Saturday, June 4, 2016

Eyeing China, Obama demands Congress move on key UN maritime rules

From The Daily Tribune (Jun 4): Eyeing China, Obama demands Congress move on key UN maritime rules

US President Barack Obama asked Congress to ratify contentious UN maritime rules Thursday, hoping to strengthen his hand in a dangerous stand-off with Beijing over the disputed South China Sea.

Addressing the US Air Force Academy in Colorado, Obama said  Congress should approve UN rules designed to peacefully resolve maritime disputes.


Obama’s presidency has seen escalating diplomatic and military tensions over Beijing’s claim to territory throughout the South China Sea.


The area is a vital shipping channel that is also believed to have significant energy and mineral deposits.


It is also pivotal to China’s effort to transform the focus of its navy from coastal defense to a “blue water navy” capable of projecting power across the region.
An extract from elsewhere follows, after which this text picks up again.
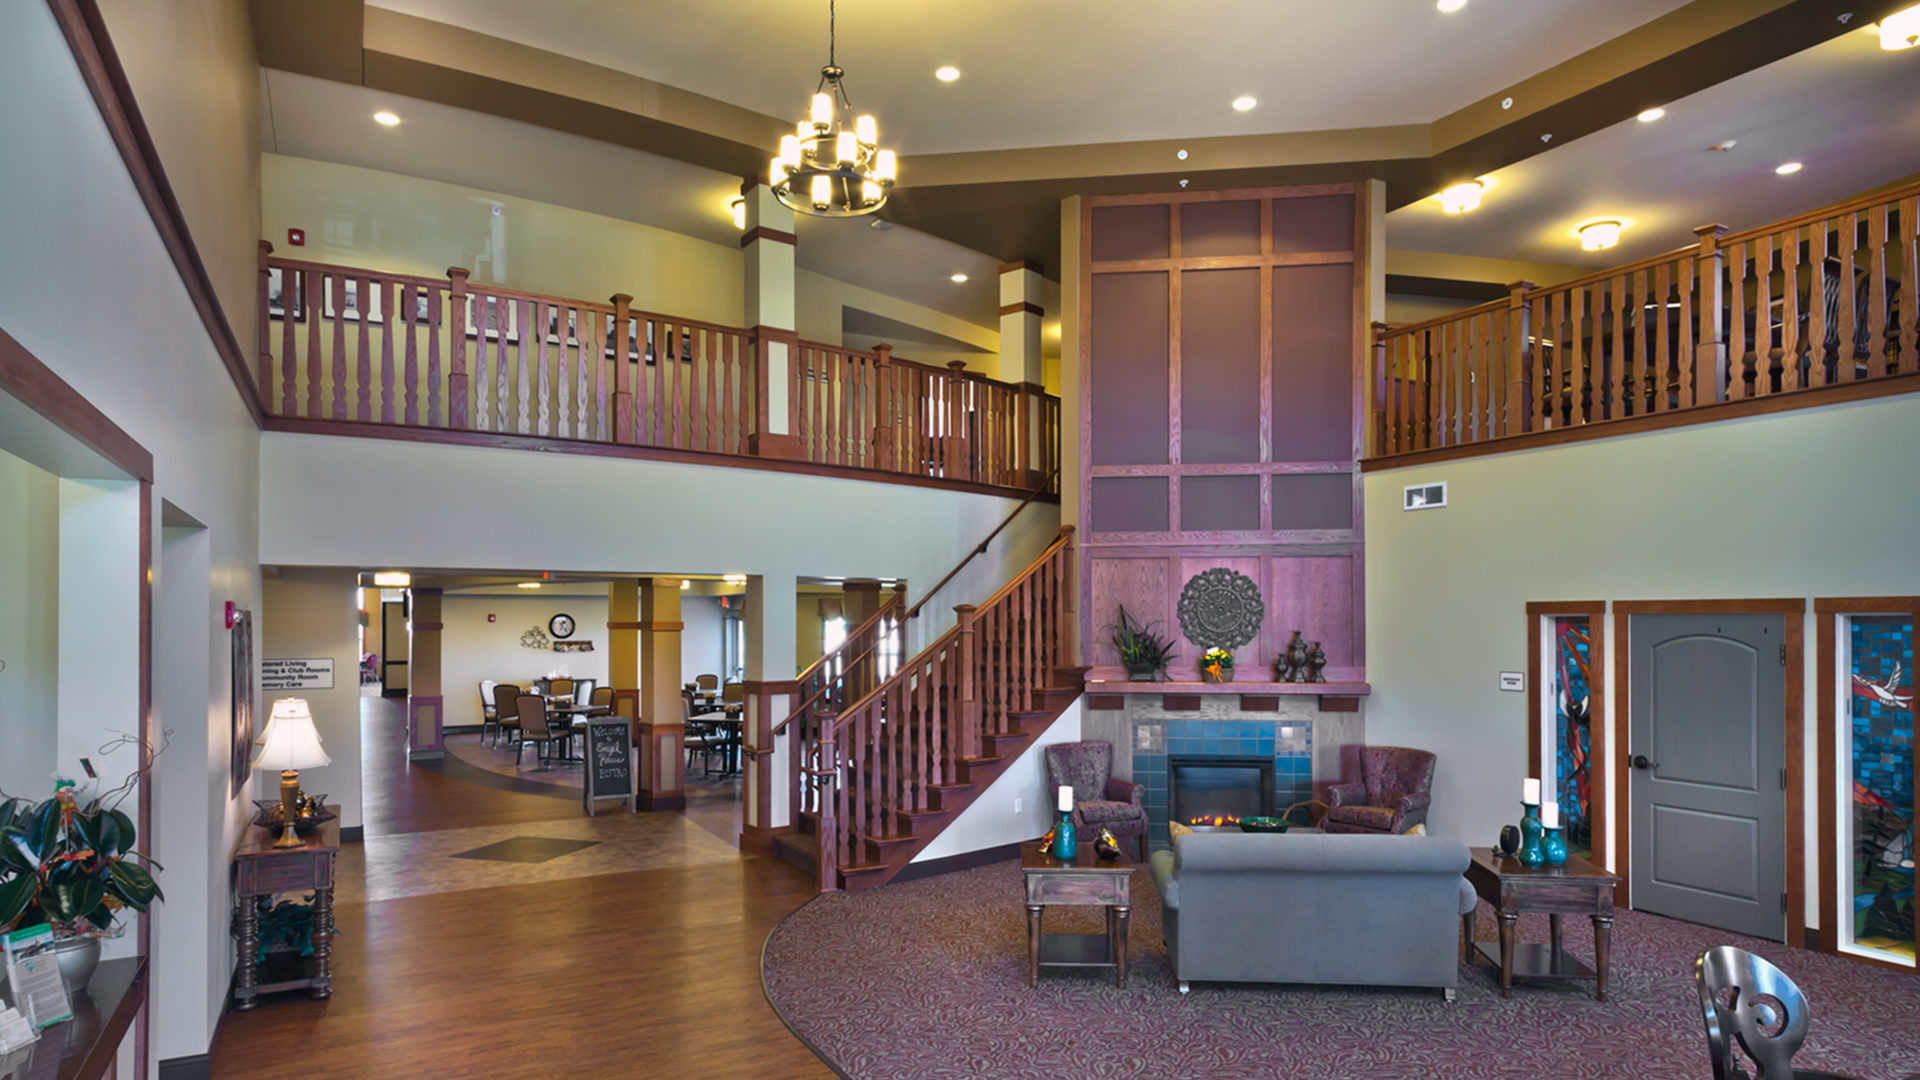 Engel Haus Senior Housing Interior Two Story Lobby Seating Area with Fireplace

Chinese military deployments in the South China Sea have spooked neighbors who also claim islands and atolls, and set off a chain of tit-for-tat countermeasures by Washington.


Obama has ordered US navy vessels to sail across the region to affirm freedom of navigation.


The White House believes that Congress’s failure to ratify the UN agreement has undercut the US case that disputes must be solved peacefully.


“If we are truly concerned about China’s actions in the South China Sea for example, the Senate should help strengthen our case by approving the law of the sea convention,” Obama said.


Obama’s call comes at a particularly sensitive time, ahead of a landmark international panel ruling on a dispute between the Philippines and China over the Spratly Islands.


Beijing has angrily rejected the panel’s jurisdiction and vowed to ignore its ruling.


Chinese military moves key issue at Singapore forum


Asia’s largest annual security forum opens Friday in Singapore with territorial disputes in the South China Sea, North Korea’s military provocations and Islamist extremism expected to dominate discussions.

The Shangri-La Dialog, organized by the London-based International Institute for Strategic Studies (IISS), is to be attended by at least 20 defense ministers led by Pentagon chief Ashton Carter, IISS Asia executive director Tim Huxley said.


Beijing’s claim to nearly the entire South China Sea has angered Southeast Asian neighbors and pitted it against the United States, which has conducted patrols near Chinese-held islands to press for freedom of navigation. The contested waters encompass key global shipping lanes.


The Philippines, Brunei, Malaysia and Vietnam have competing claims in the area, which is believed to have significant oil and gas deposits.


“There is much speculation about China’s next steps in the South China Sea, particularly in the context of an apparently imminent ruling by the Permanent Court of Arbitration in The Hague on a Philippine submission that challenges important aspects of China’s claims and activities there,” Huxley wrote in a pre-conference blog.


Ahead of the conference launch Friday, Carter and his Singapore counterpart Ng Eng Hen flew over the busy Strait of Malacca in a demonstration flight of a US P-8 maritime patrol plane stationed in Singapore.


“The American approach is an inclusive one in which everyone participates in the collective defense of our peoples from today’s threats,” Carter said at a joint news conference after the brief flight.


“That’s the objective of the US military presence out here, and it’s been that way for decades.”


Carter did not speak out against China, but has previously condemned Beijing’s island building and last week said it risked creating a “Great Wall of self-isolation”.


Tensions in the South China Sea are expected to drive up Asia-Pacific defense spending by nearly 25 percent from 2015 to $533 billion in 2020, security think-tank IHS Jane’s wrote in a research note issued Thursday.


“By 2020, the center of gravity of the global defense spending landscape is expected to have continued its gradual shift away from the developed economies of Western Europe and North America, and toward emerging markets, particularly in Asia,” said IHS Jane’s director Paul Burton.


Past editions of the conference have been marked by heated public exchanges between US and Chinese officials.


Zhou Bu, an honorary fellow at China’s Academy of Military Science, wrote in Singapore’s Straits Times newspaper ahead of the forum that public acrimony between the two powers could mislead people into believing that “a showdown between the two giants is inevitable”.


But he said the US-China relationship is “also resilient, partly because each side can ill afford the consequence of a conflict or confrontation”.


There are over 90 dialogs and two hotlines between the two governments, as well as two militaries to make sure the relationship stays on track, Zhou said.


He noted that China will take part in a 27-nation US-led naval drill called the Rim of the Pacific Exercise — billed as the world’s largest such event — off Hawaii and California, starting in late June.